Tras mi desencuentro con la gaviota, no me quedó otra que continuar mi loca aventura, la cual había empezado a convertirse en una búsqueda impaciente. A los pocos días mi alivio aumentó al volver a ser invitado y tentado por otras gaviotas. No volví a caer en su juego, y concluí que no podían ser ángeles por ninguna de las maneras, ya que éstos debían no ser tan numerosos y, sobre todo, no tan fáciles de encontrar.
Me sumergí en una inusitada comodidad, tan solitario como estaba aunque en aparente armonía con mi universo, en mi vieja barca. Surcaba el mar y me imponía a las olas. Yo, que no sabía nadar, mucho menos, navegar. Me encontraba eufórico.

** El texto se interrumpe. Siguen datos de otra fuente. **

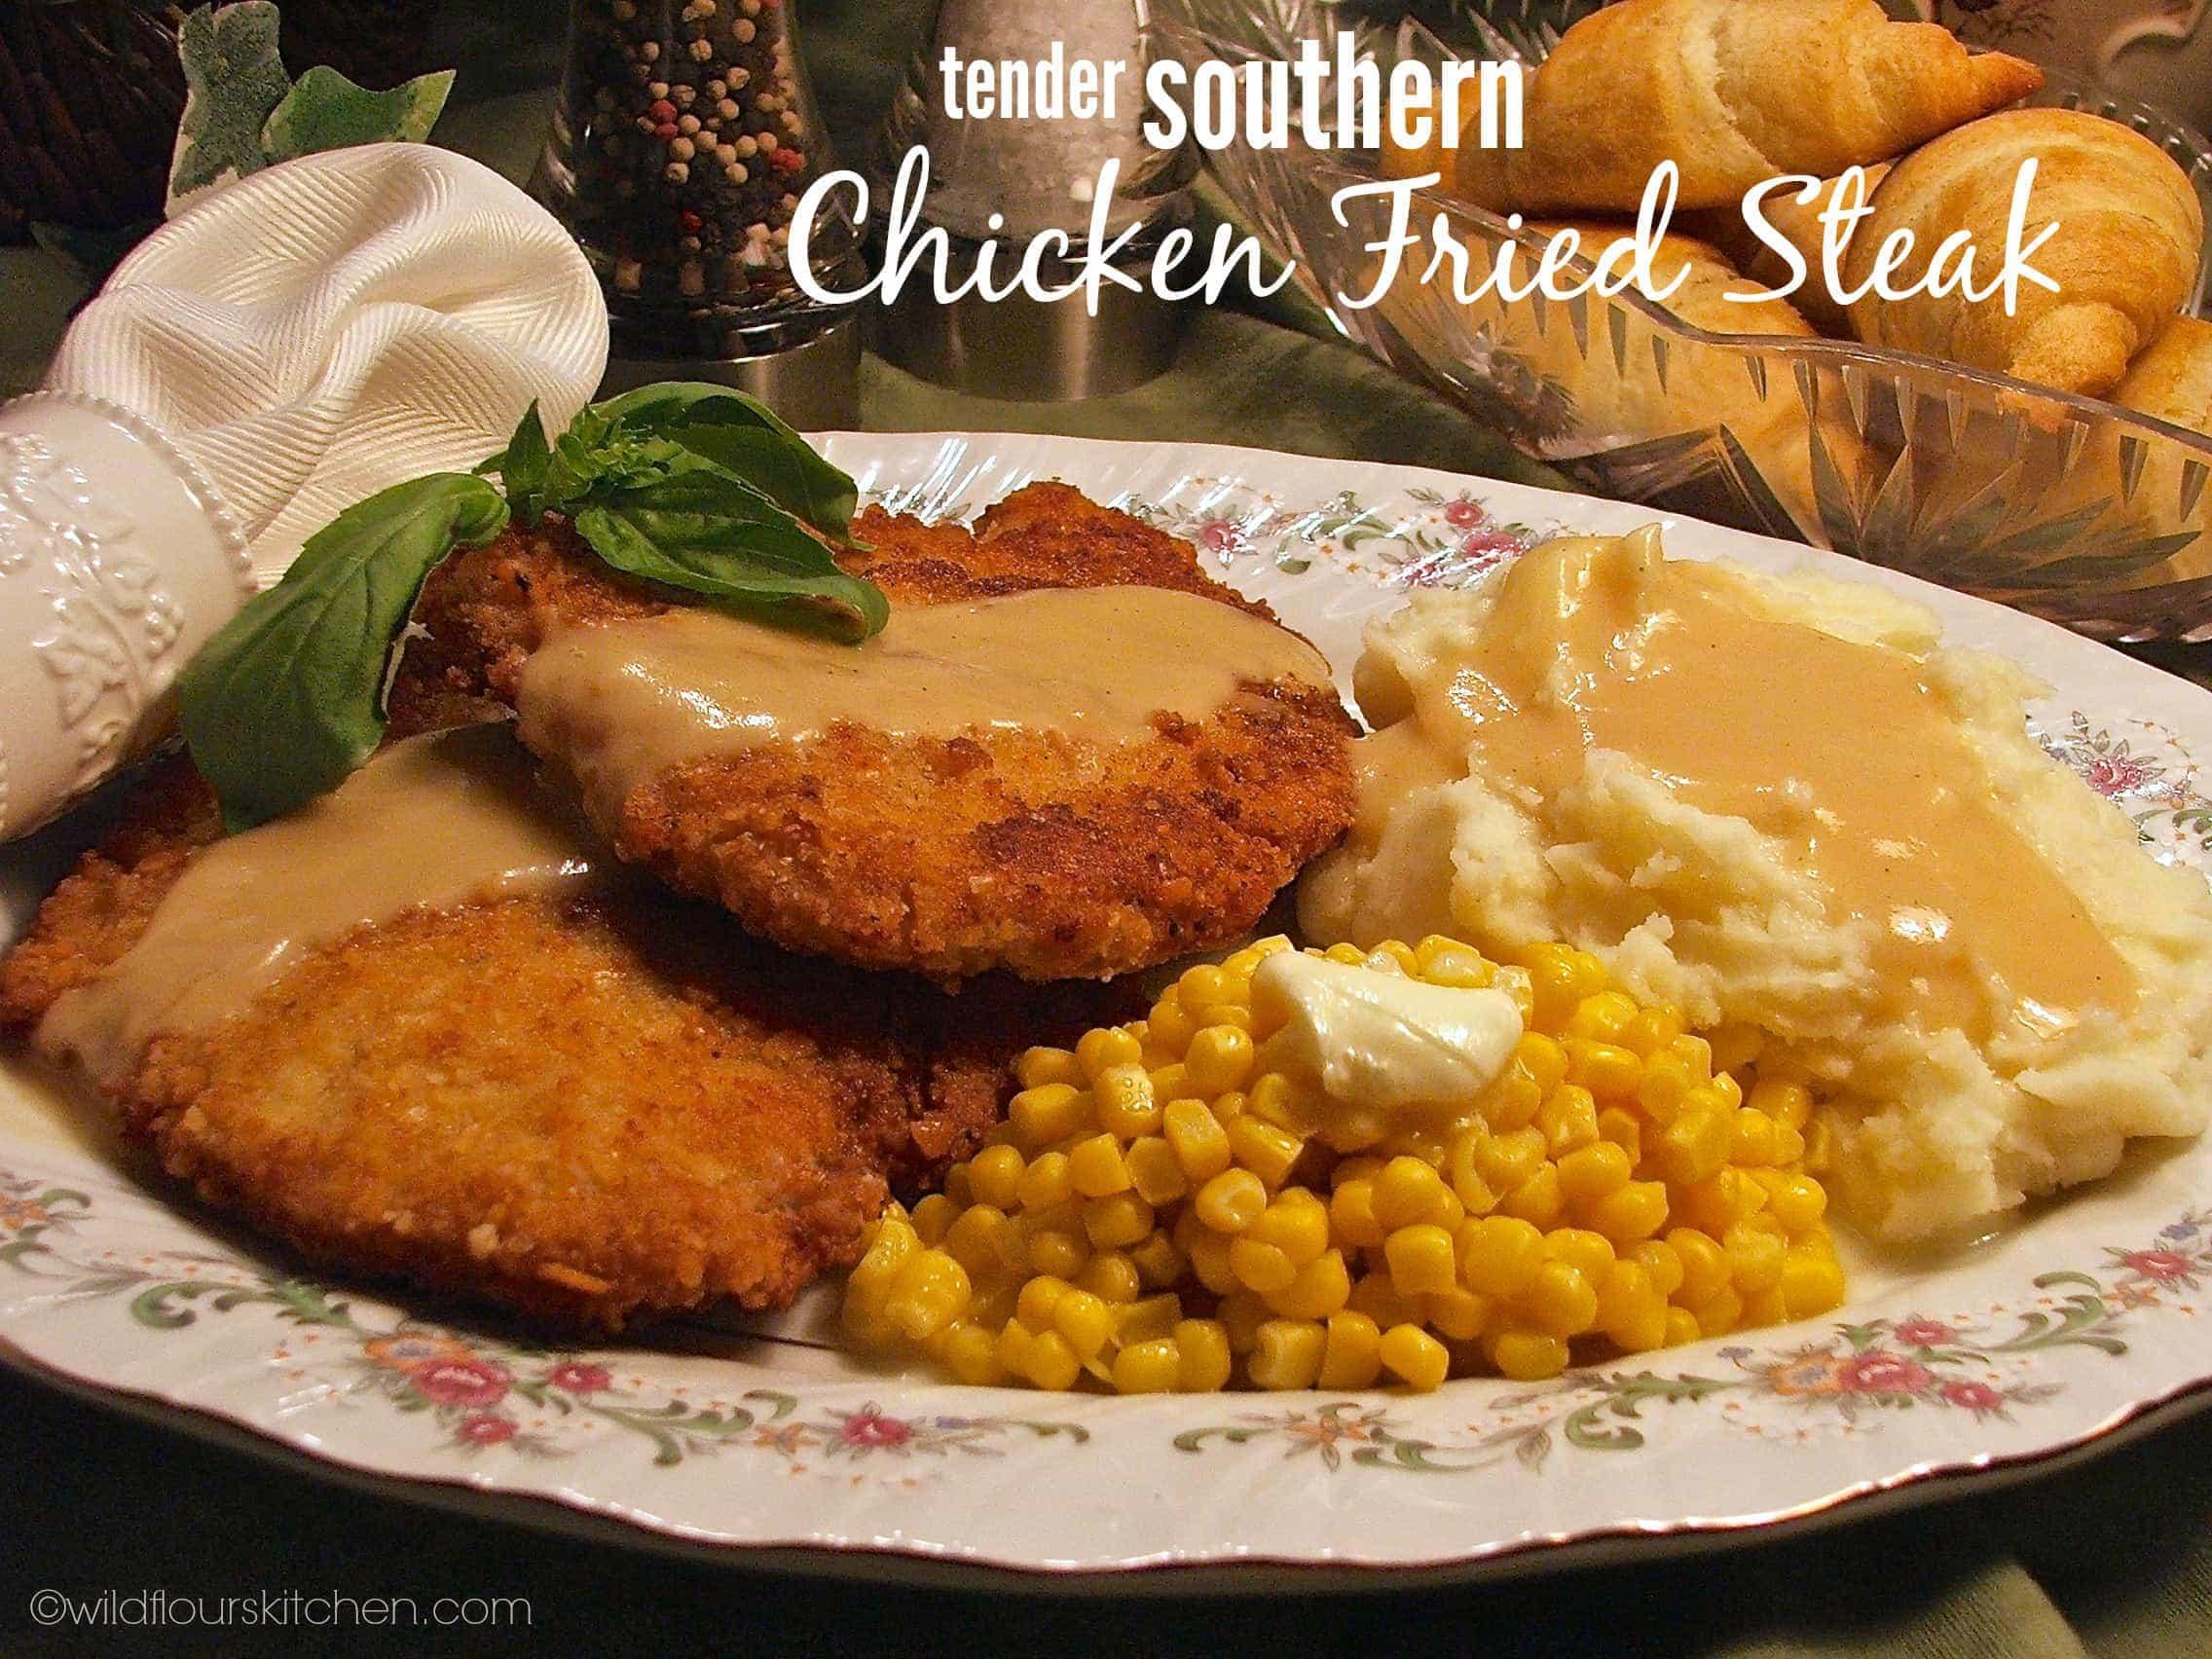 Tender Southern Chicken Fried Steak - Wildflour's Cottage Kitchen

Exultante. Mi ego, insultante. Creí enamorarme de mí mismo. Sin embargo, cuando mejor me sentía, todo cambió.
Creo que empezó cuando un zumbido permanente se instaló en mi tímpano. Me giraba y buscaba. Me giraba y buscaba. Pero no encontraba el origen de aquel extraño zumbido. Desconocía de dónde había llegado, dónde estaba y dónde terminaría. Creo que ahí fue cuando perdí la cordura.
Pasé varios días inmerso en una espesa niebla que cegaba ya no mi vista sino mi razón. Por supuesto, el zumbido persistía en mi tímpano. Hasta que lo encontré- Al principio no estaba seguro de que fuera aquel pequeño ser el que producía aquel zumbido, pero el hecho de que se apoyara en la proa de mi vieja barca, disipó mis dudas.

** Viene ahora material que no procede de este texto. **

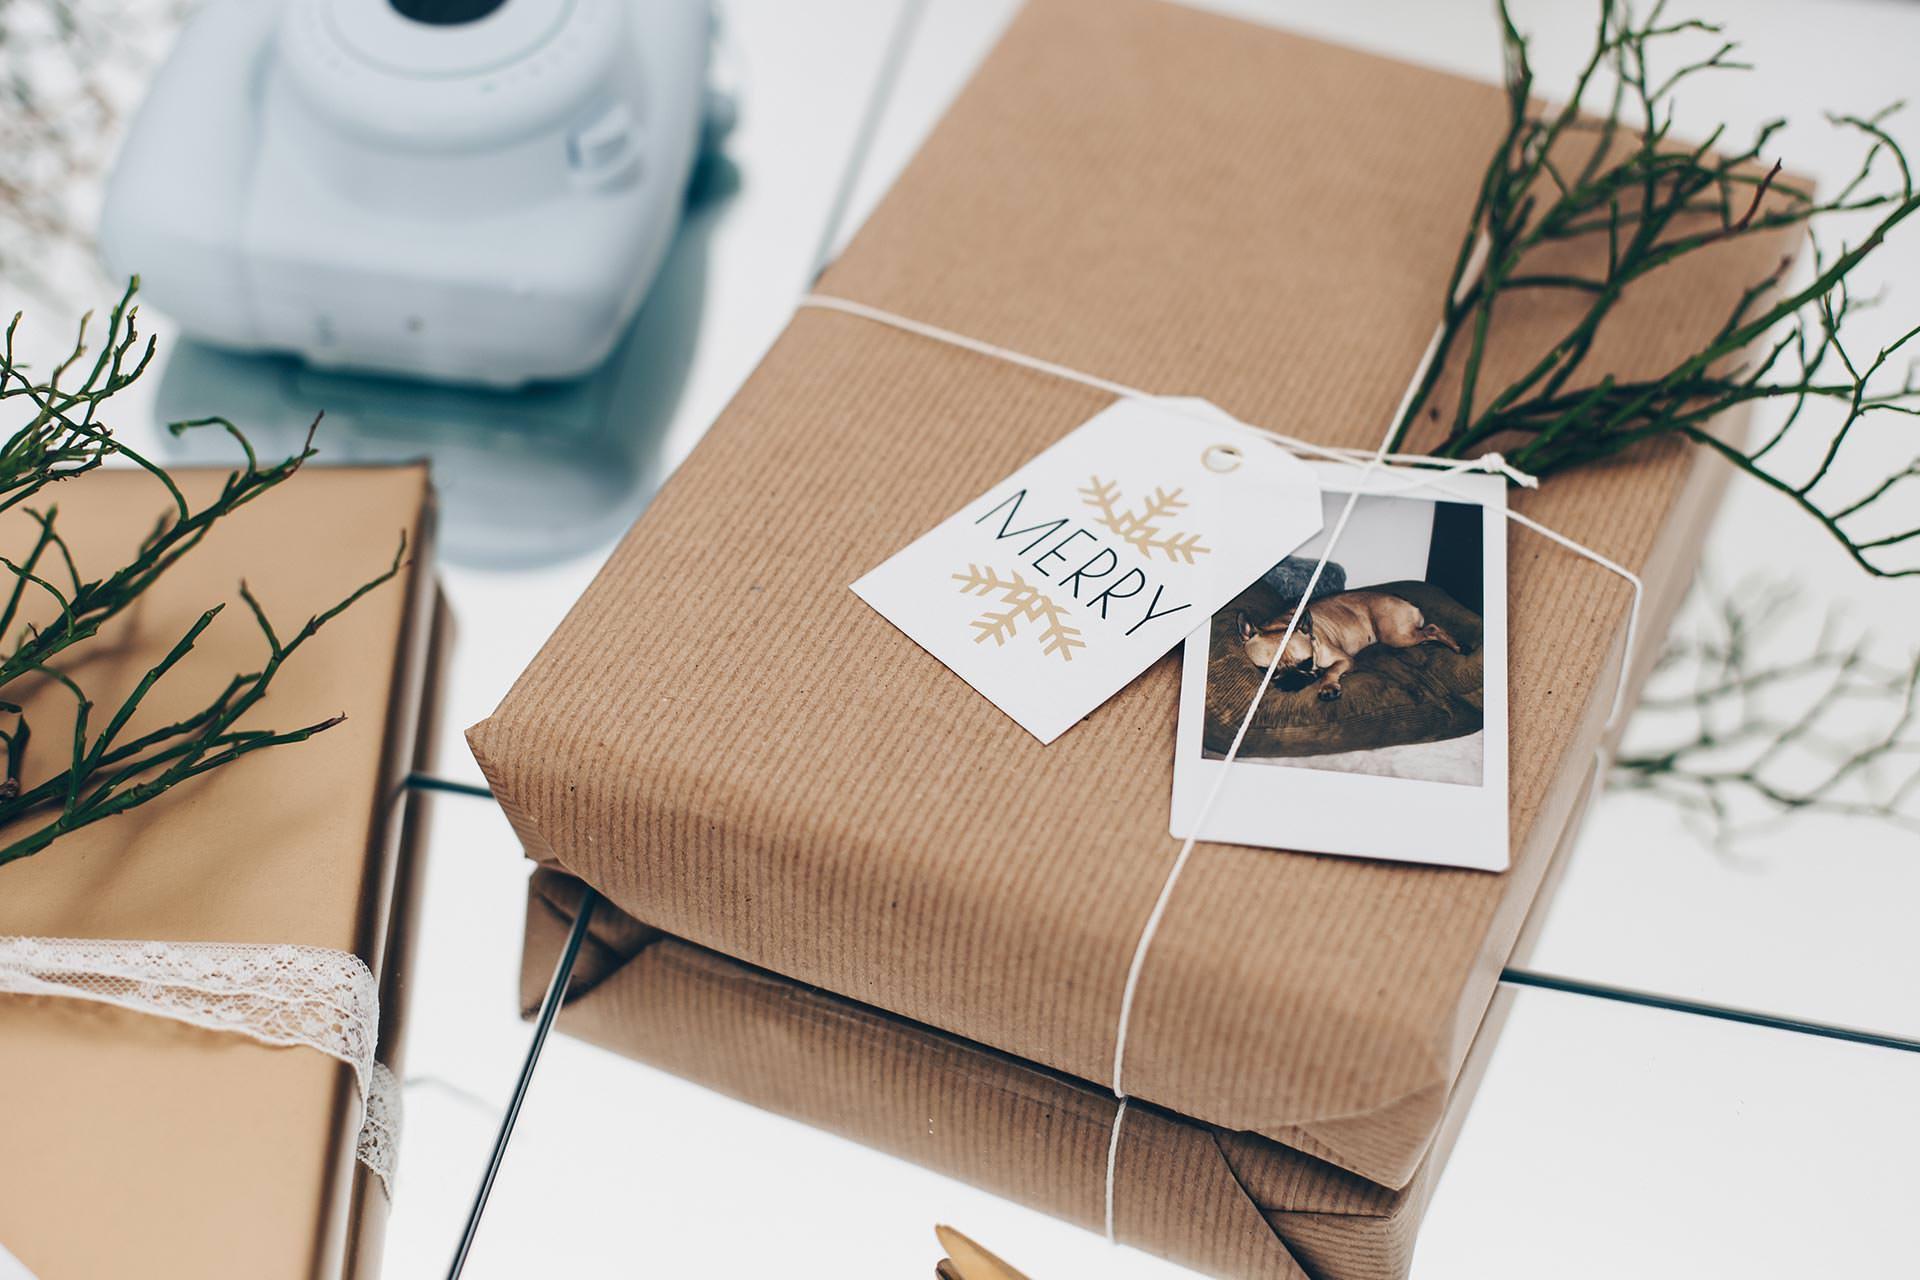 Geschenke Blog  Einfache und kreative Geschenkverpackungen für Weihnachten

Me daba la espalda. Parecía ignorarme. Me estaba volviendo loco, y decidí ir a por él. Pero antes de que pudiera dar el primer paso, echó a volar como una centella. Era un colibrí. Pensé haberlo perdido, pero regresó. Aprecié su hermosura. Su belleza era auténtica. Y no sólo por su colorido plumaje, ni por su largo pico, sino por su interior. Nunca había entrado en contacto con el alma de un ave, pero sabía que existía; me lo decían sus ojos. Porque sus ojos me miraban de verdad. Comencé a llamarlo, y lejos de asustarse, acudió. Se posó en mi mano. Más tarde, en mi hombro. Me sentí afortunado.
Seguía rodeado de niebla, pero me sentía seguro con aquel agradable colibrí. Era dulce sin dejar de ser divertido. Delicado sin dejar de ser activo. Decidí extraer mi dibujo. Sin duda, aquel ave no era una sirena, pero, ¿quién decía que el amor no pudiera adoptar aquellas formas?
Me convencí de que al fin la había encontrado. Era hora de regresar. ¿Si no era aquel ave la sirena que buscaba, quién iba a serlo? Le entregué mi amor. Y en ese momento, desapareció. ¿Para siempre? Yo me quedé solo. Buscándolo. Yo, que no sabía nadar, mucho menos, navegar.